[[ The data open ]]

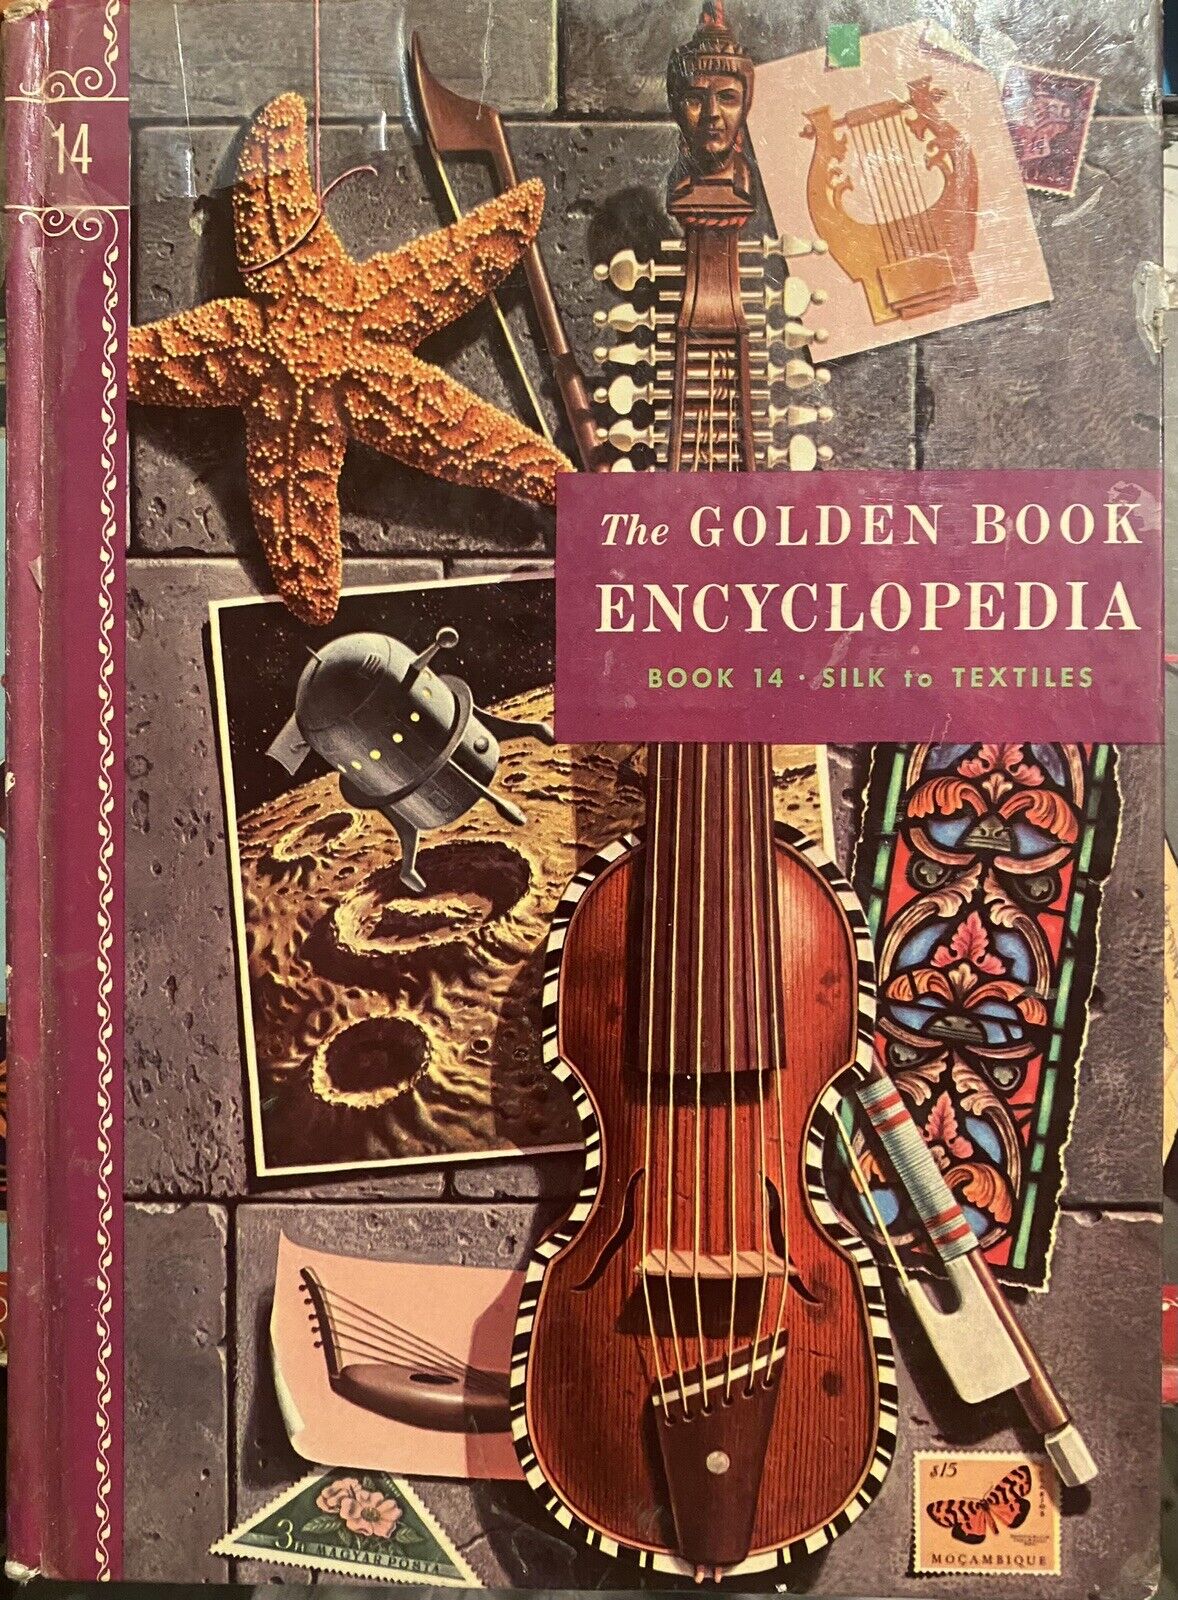 1959 The Golden Book Encyclopedia Book 14 Good Condition One Owner
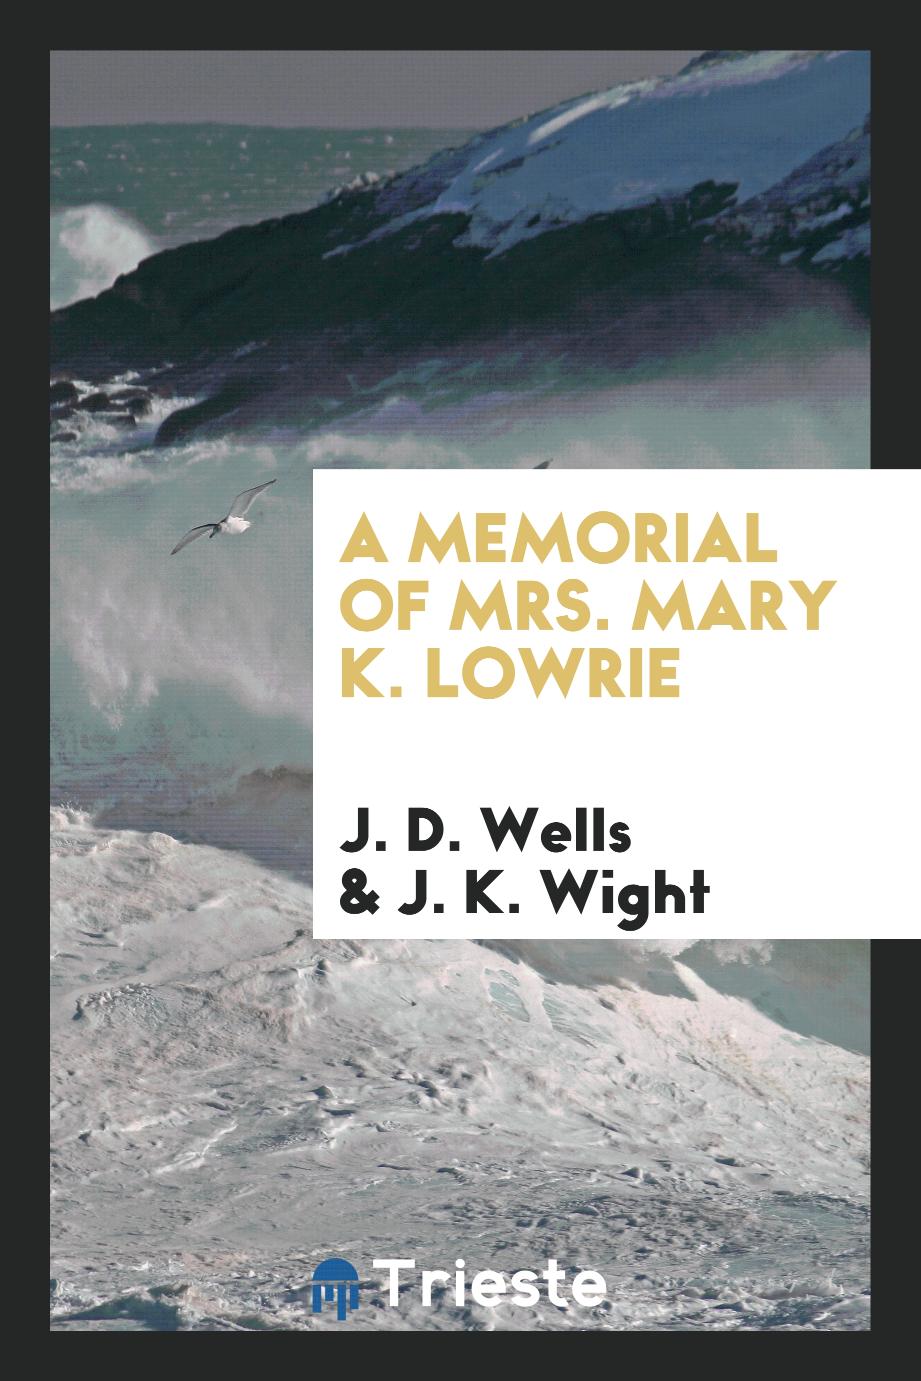 A Memorial of Mrs. Mary K. Lowrie
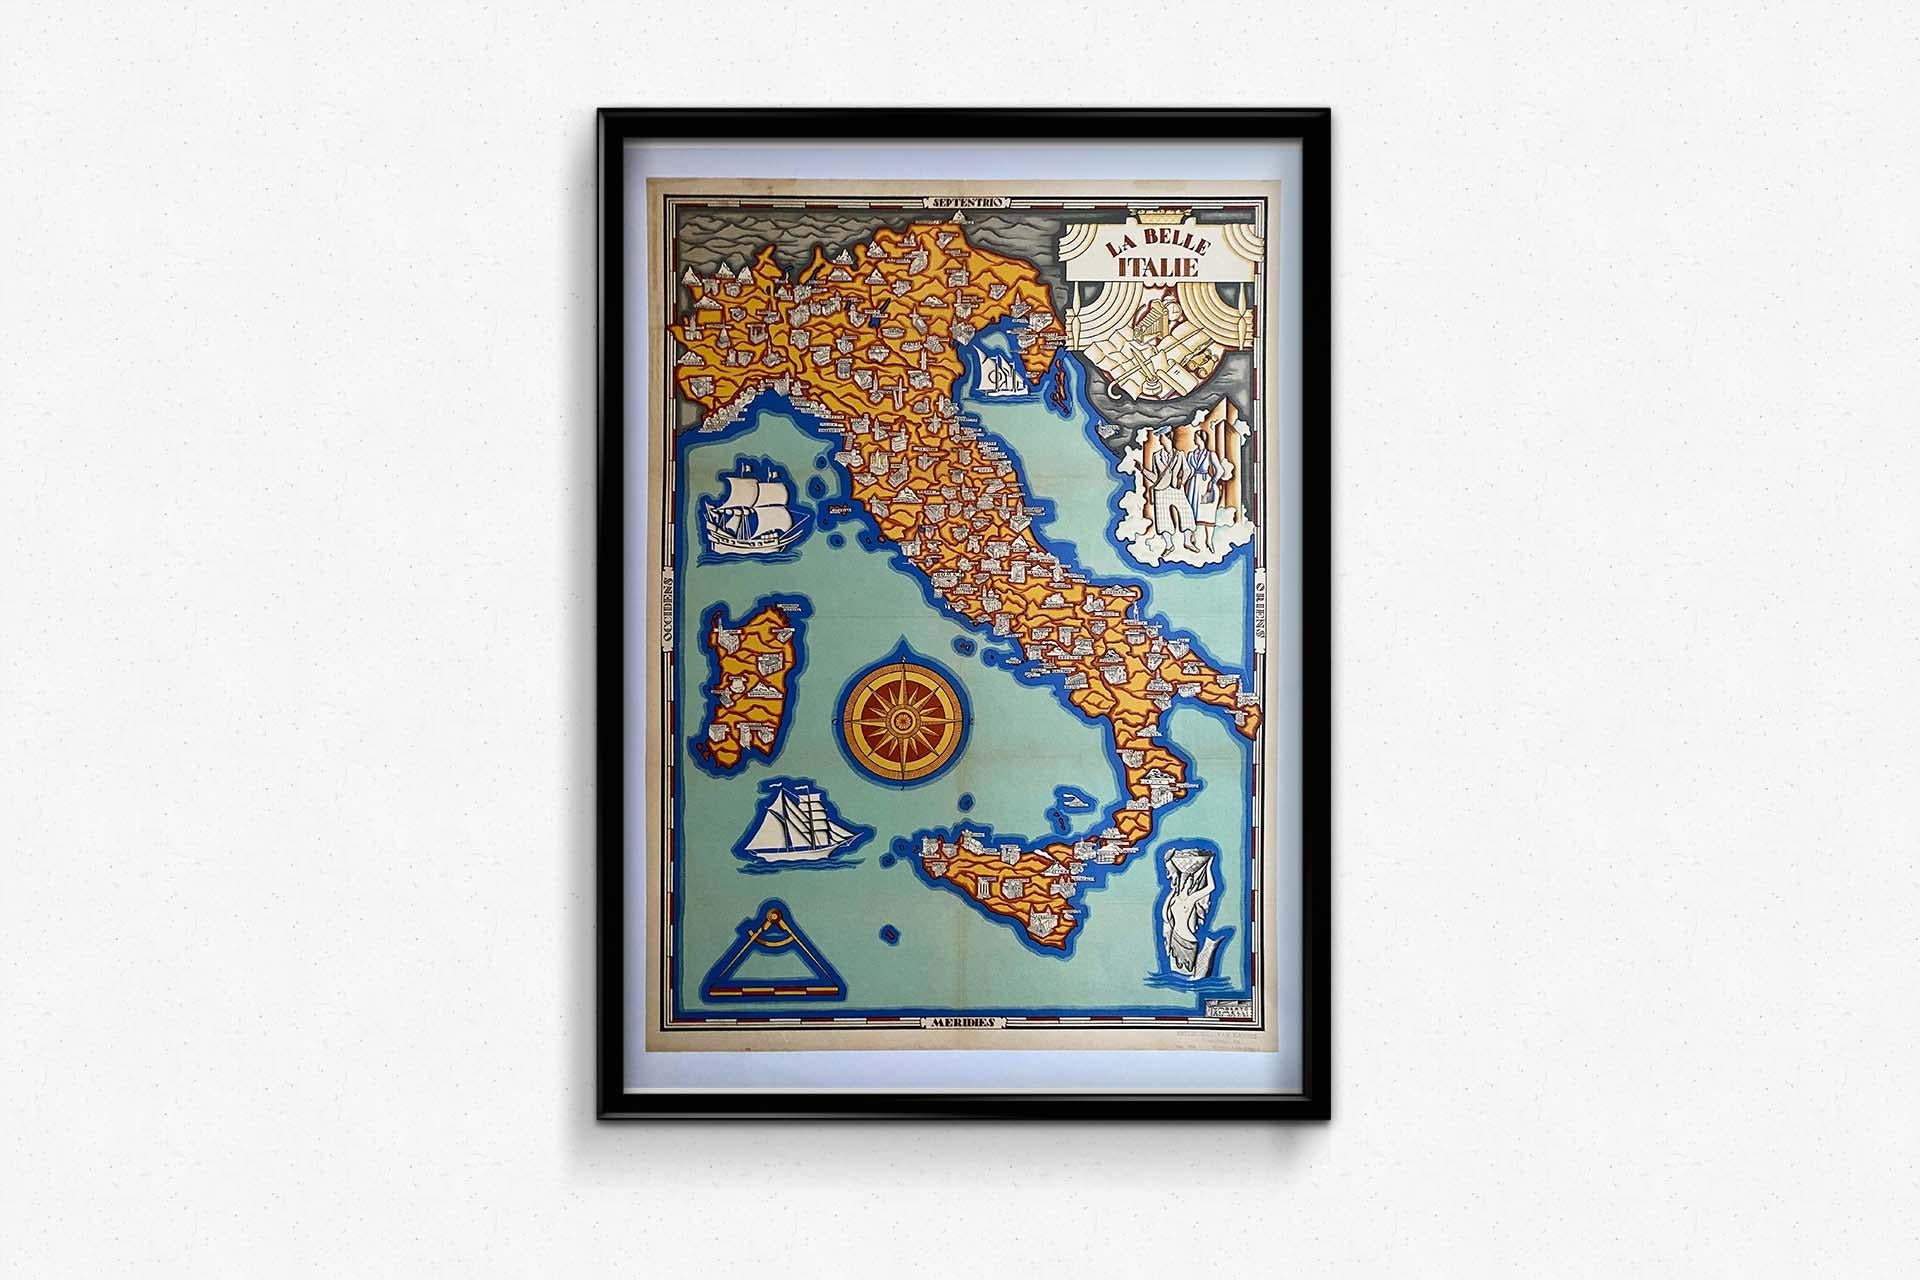 Very nice illustrated map of Italy dating from 1933.

Italy - Tourism

[[ The data closed ]]

» Your assignment
Exactly the lines from the line with "Very nice illustrated" through the end of the data are to be reproduced, and no picture is to be included.

» Solution to the exercise
 Very nice illustrated map of Italy dating from 1933.

Italy - Tourism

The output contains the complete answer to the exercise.